## WORK TASK:
Find the line containing "Consejos y tarifas" in the listing below; reproduce it and every line after, exactly. Skip pictures.

## PROVIDED MATERIAL:
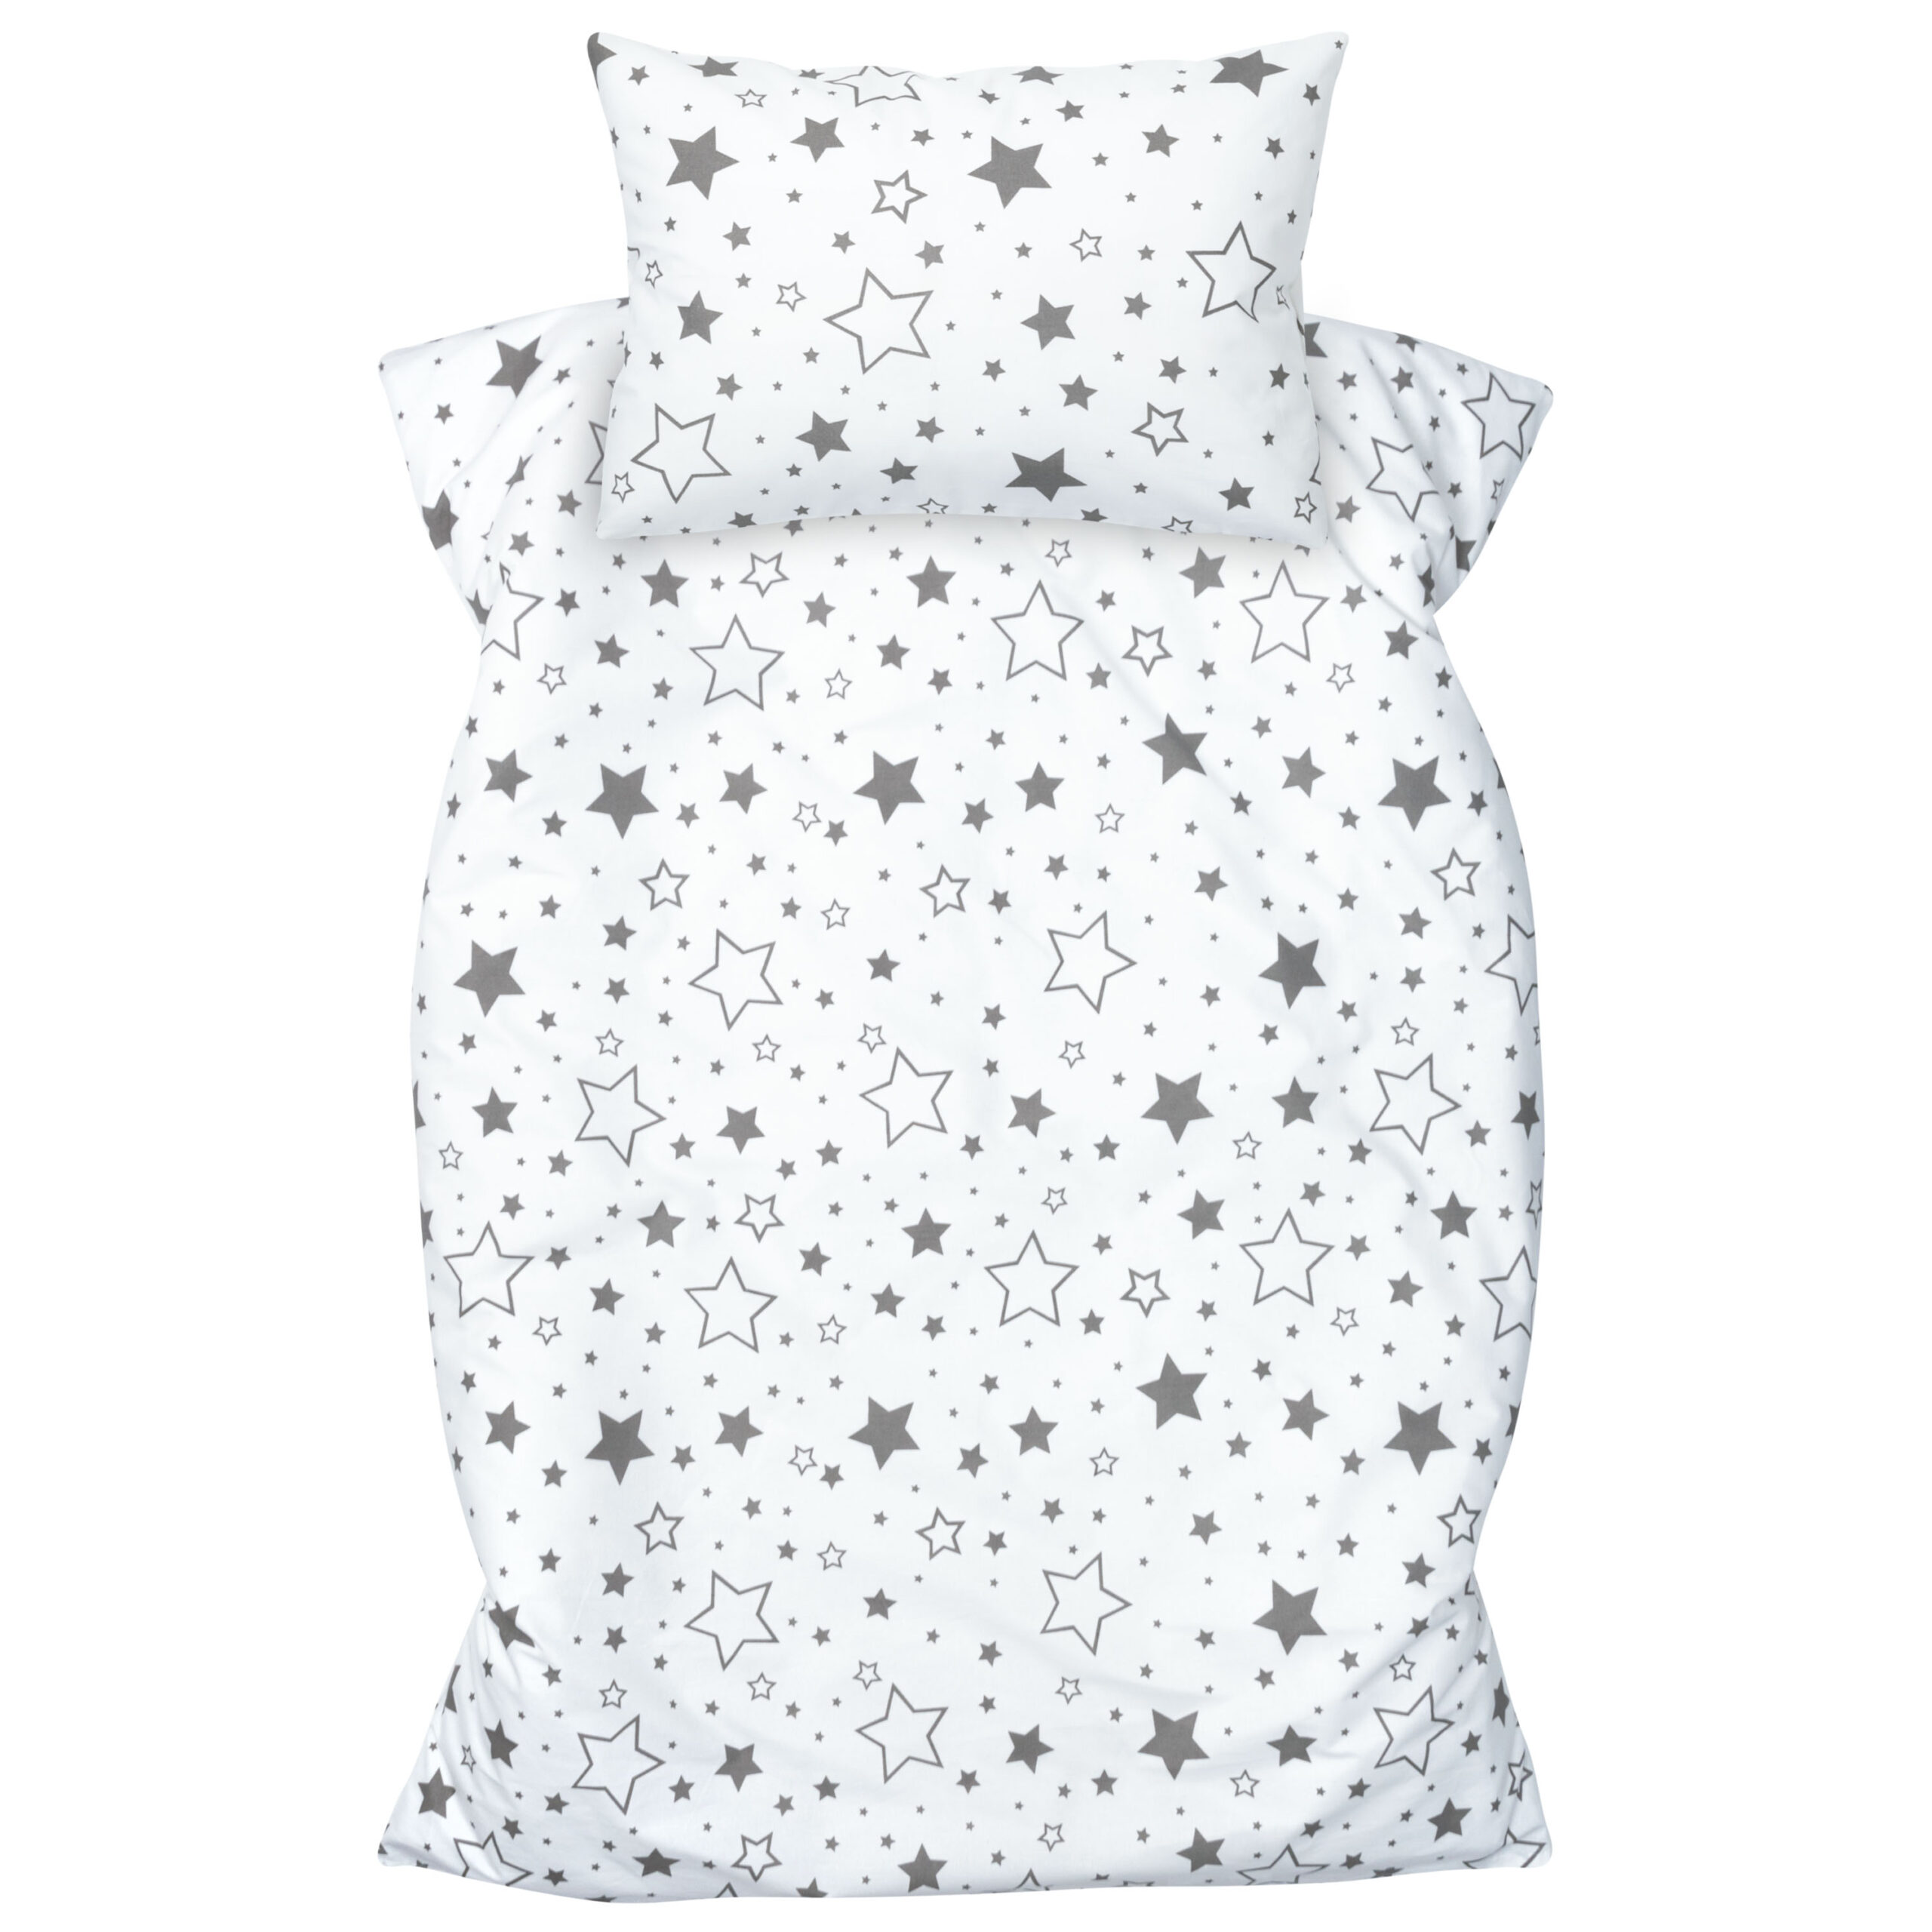 Unisex Spielanzug M/ädchen Shirt Junge 100/% Baumwolle Langarm Hose 2 Teilig Baby Set
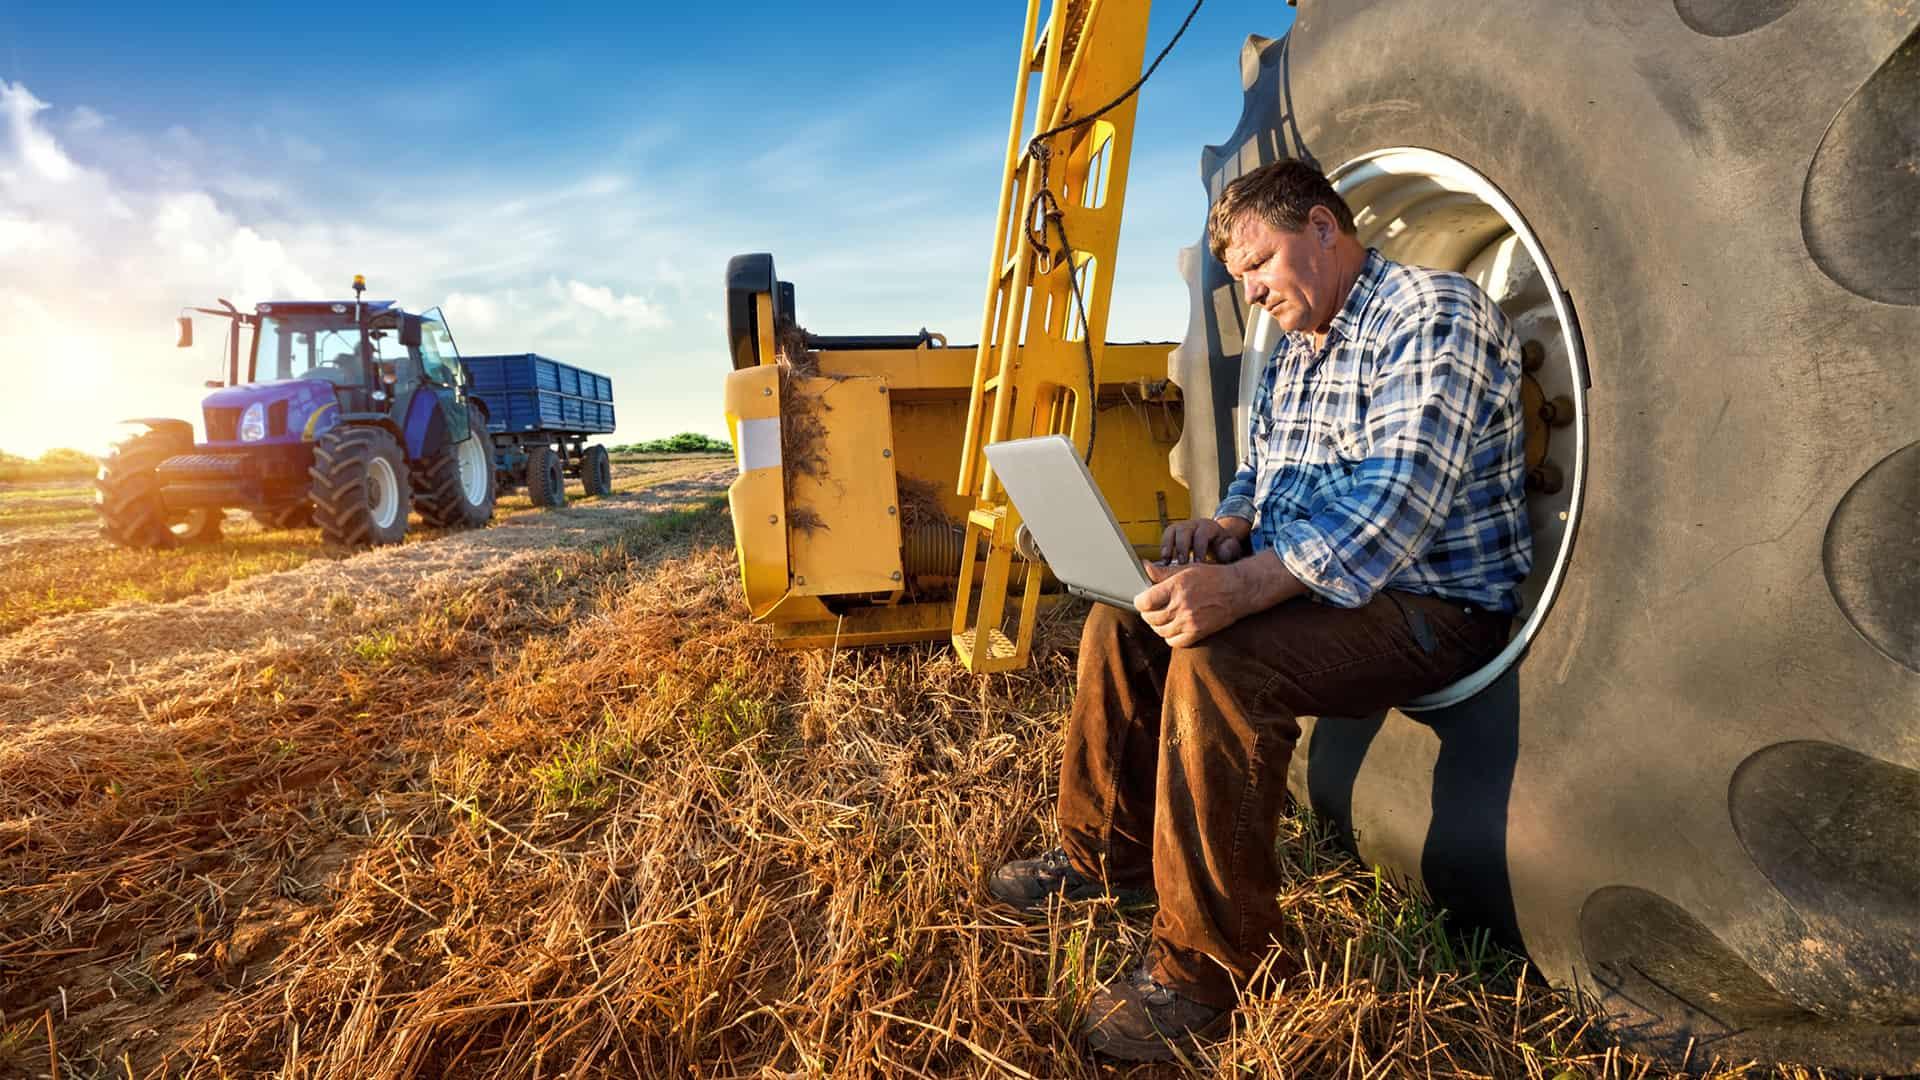 ¿Cómo elegir el mejor WiFi portátil? Consejos y tarifas
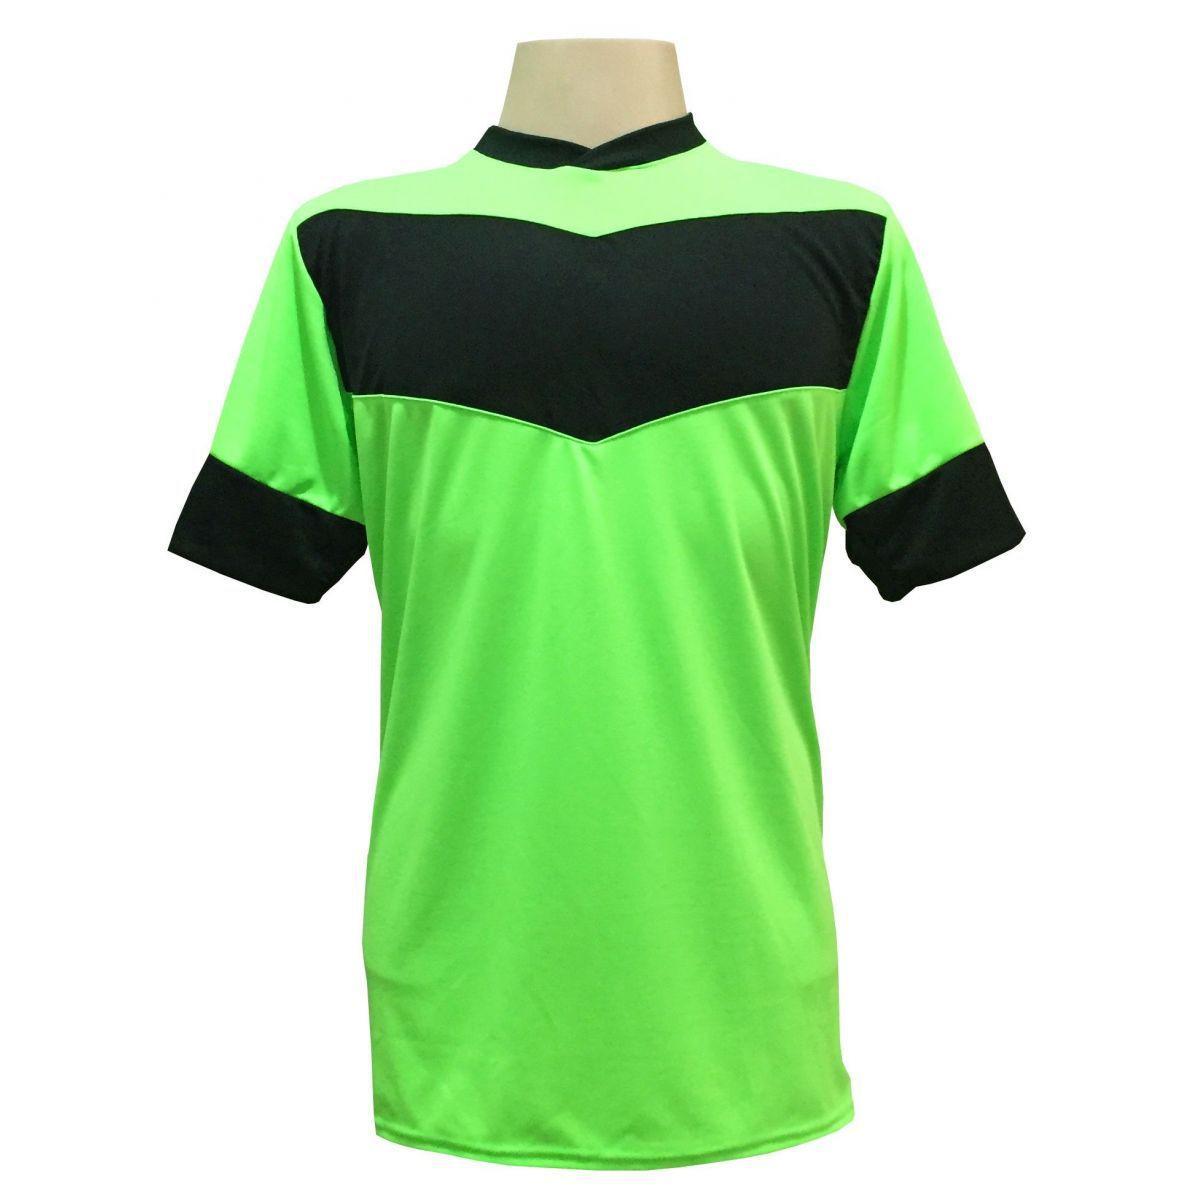 e62e57d1 Uniforme Esportivo com 18 camisas modelo Columbus Limão/Preto + 18 calções  modelo Madrid + 1 Goleiro + Brindes - Gazza - Uniforme de Futebol -  Magazine ...

## RESULT FOR THIS EXERCISE:
 ¿Cómo elegir el mejor WiFi portátil? Consejos y tarifas
 e62e57d1 Uniforme Esportivo com 18 camisas modelo Columbus Limão/Preto + 18 calções  modelo Madrid + 1 Goleiro + Brindes - Gazza - Uniforme de Futebol -  Magazine ...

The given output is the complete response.